Unlabelled: Recently, the presence of microsatellite instability (MSI) has been reported in gastric cancer and associated with older age of presentation, distal tumor location, early disease staging, and better overall prognosis. Different characteristics in presentation and in tumor behavior may be explained by different genetic alterations during carcinogenesis of gastric cancer. Identification of specific genetic pathways in gastric cancer may have direct impact on prognosis and selection of treatment strategies.

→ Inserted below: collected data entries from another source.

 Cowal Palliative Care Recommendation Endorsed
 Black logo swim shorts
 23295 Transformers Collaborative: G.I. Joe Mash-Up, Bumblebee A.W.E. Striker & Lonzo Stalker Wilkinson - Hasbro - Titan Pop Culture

Patients and methods: All 24 patients were treated by radical surgery. Fragments of normal and tumor tissues were extracted from the specimen and stored at -80 degrees C before DNA purification and extraction. PCR amplification utilizing microsatellite markers was performed. Tumors presenting PCR products of abnormal sizes were considered positive for microsatellite instability (MSI+).

Results: Five patients (21%) had tumors that were MSI+ in at least 1 marker. In the group of patients with Lauren's intestinal-type gastric carcinoma, 3 had tumors that were MSI+ (23%), while in the group of diffuse-type gastric cancer, 2 patients had tumors that were MSI+ (19%). The mean age of presentation and the male:female ratio was similar in both groups. Tumors that were MSI+ were more frequently located in proximal portion of the stomach compared to microsatellite-stable (MSS) tumors (40% vs. 16%). Although there was a trend of patients with MSI+ tumors towards a proximal gastric tumor location, early staging, and negative lymph node metastasis, there was no statistical significance compared to those with MSS tumors (P >.1). Comparison of overall and disease-free survival between gastric tumors that were MSI+ and those that were MSS found no statistically significant differences (P >.1).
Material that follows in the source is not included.